Lightweight, neutral-coloured clothing is appropriate for all wildlife activities — muted tones in khaki, olive, grey, and cream are recommended. A warm fleece or light down jacket is essential for early morning boat excursions. Comfortable closed-toe shoes or boots with ankle support for walking activities. Sun protection — hat, sunscreen, and sunglasses — is critical for extended time on the water. Insect repellent is strongly recommended throughout. Pack light; soft-sided bags are required for all internal ground transfers.

Currency

The Brazilian Real (BRL) is the local currency. US Dollars are not widely accepted outside of hotels and tour operators; guests should carry a mixture of local currency for incidentals and personal purchases. International credit cards are widely accepted in São Paulo and at lodge properties. ATM access is available in São Paulo and Cuiabá but not in remote Pantanal areas.

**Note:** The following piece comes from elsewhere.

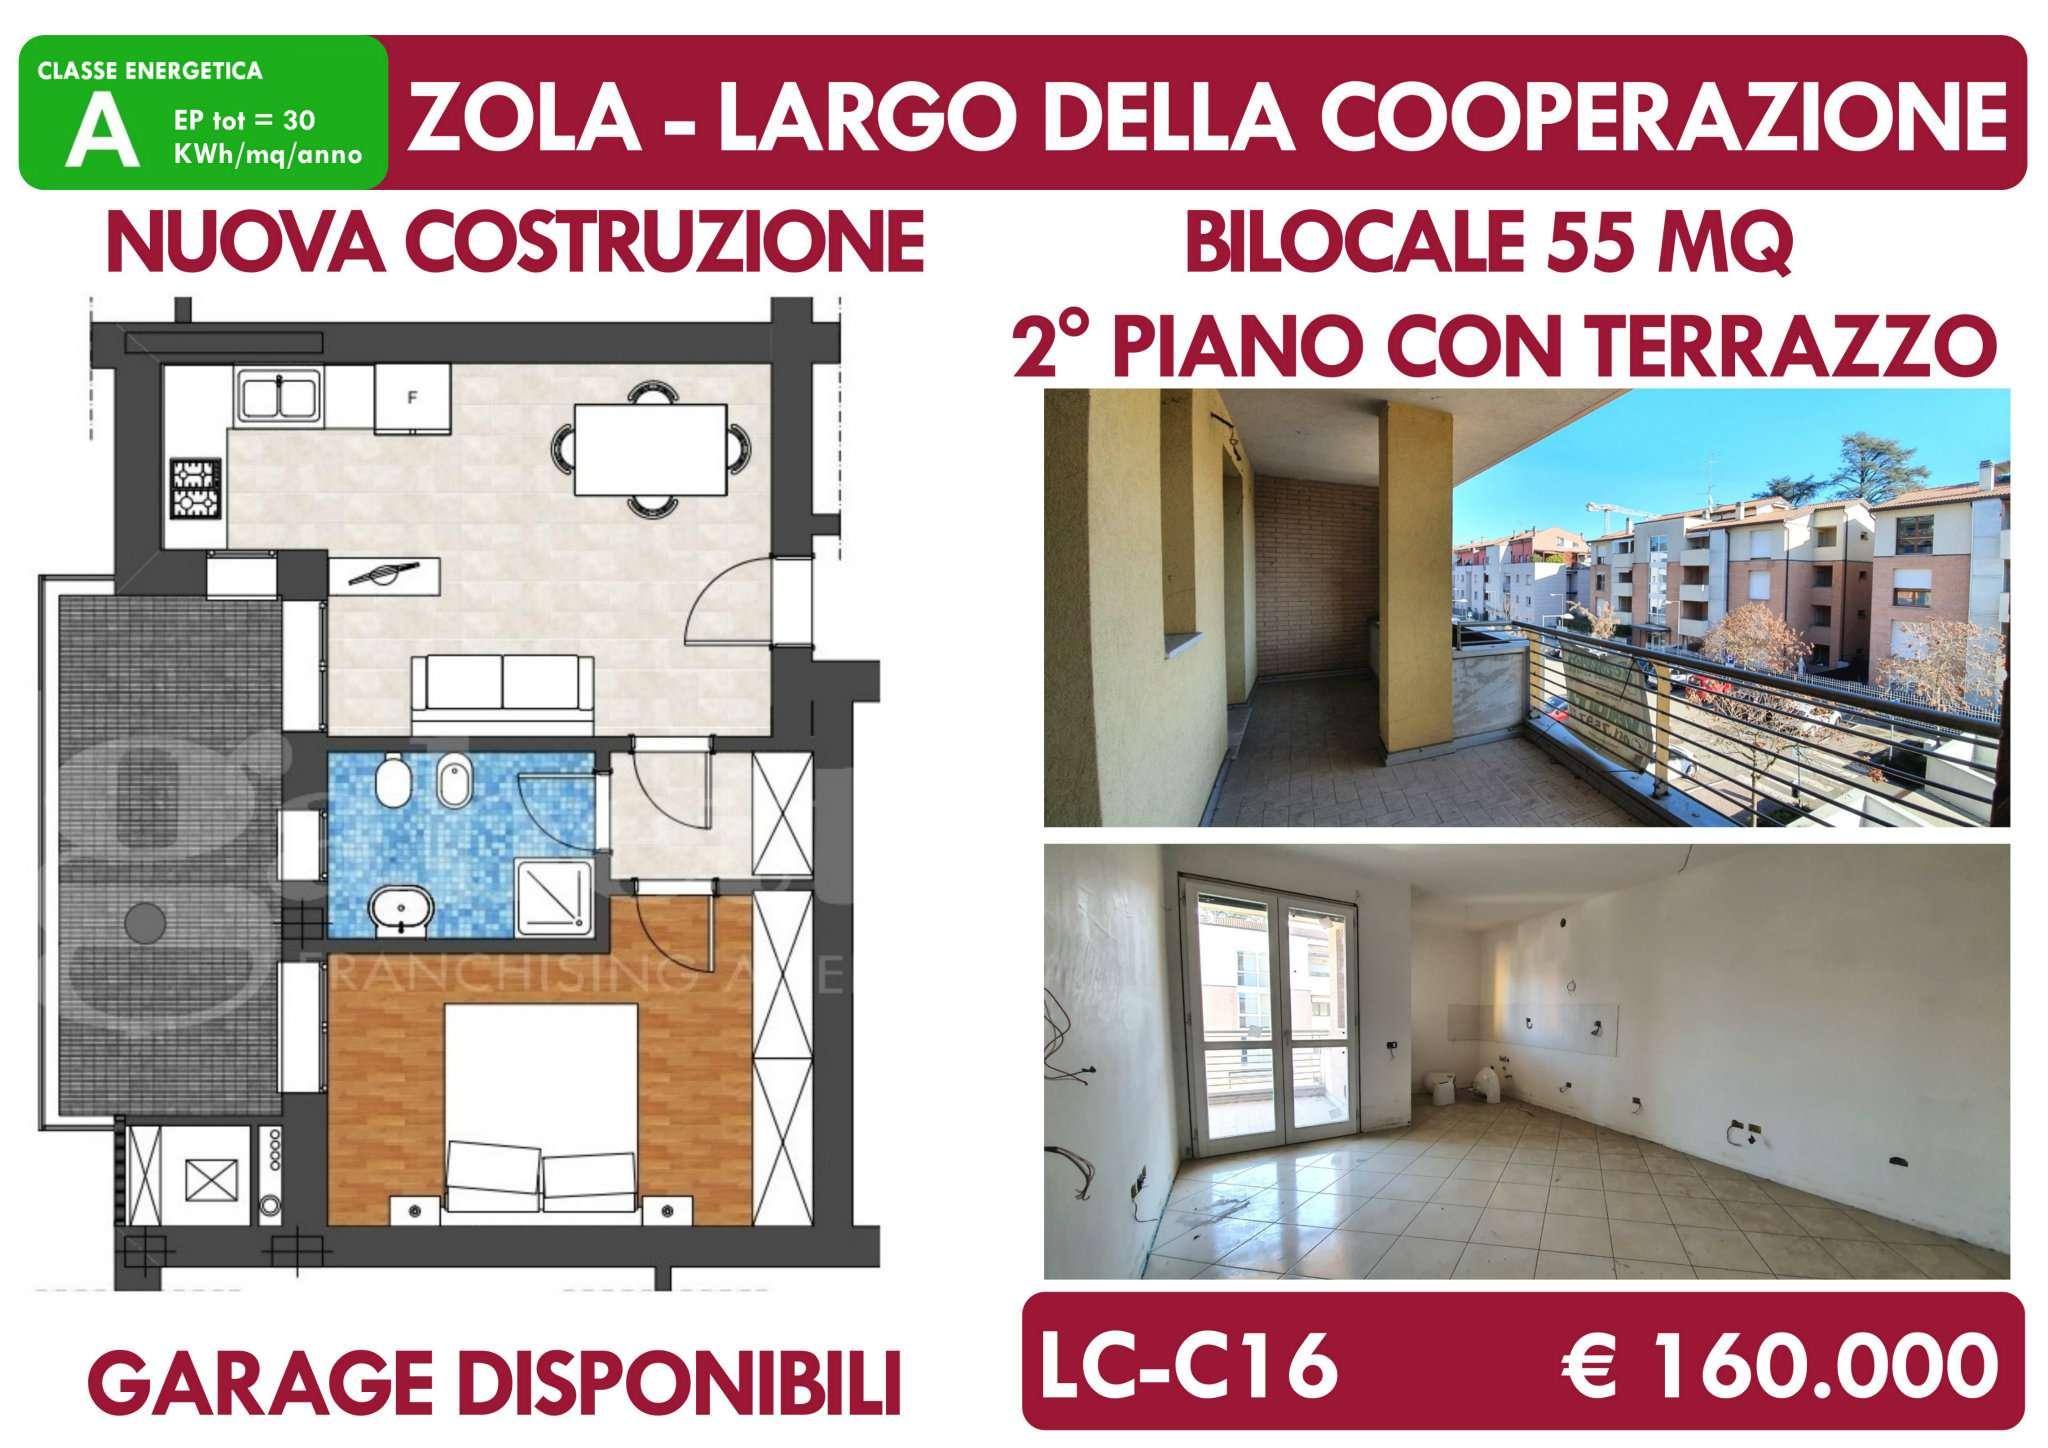 Appartamento in vendita a Zola Predosa, 2 locali, prezzo € 160.000 | PortaleAgenzieImmobiliari.it

Most activities and meals on this itinerary are fully inclusive, so cash requirements in the field are minimal.

Electricity

Brazil uses Type N plugs (two round pins, one grounding pin) and operates on 127V or 220V/60Hz depending on the state — Mato Grosso operates on 220V. A universal travel adapter is strongly recommended. Remote Pantanal lodges typically offer limited charging facilities; USB charging and 220V sockets are usually available in the main area. Confirm with your WWJ contact before departure.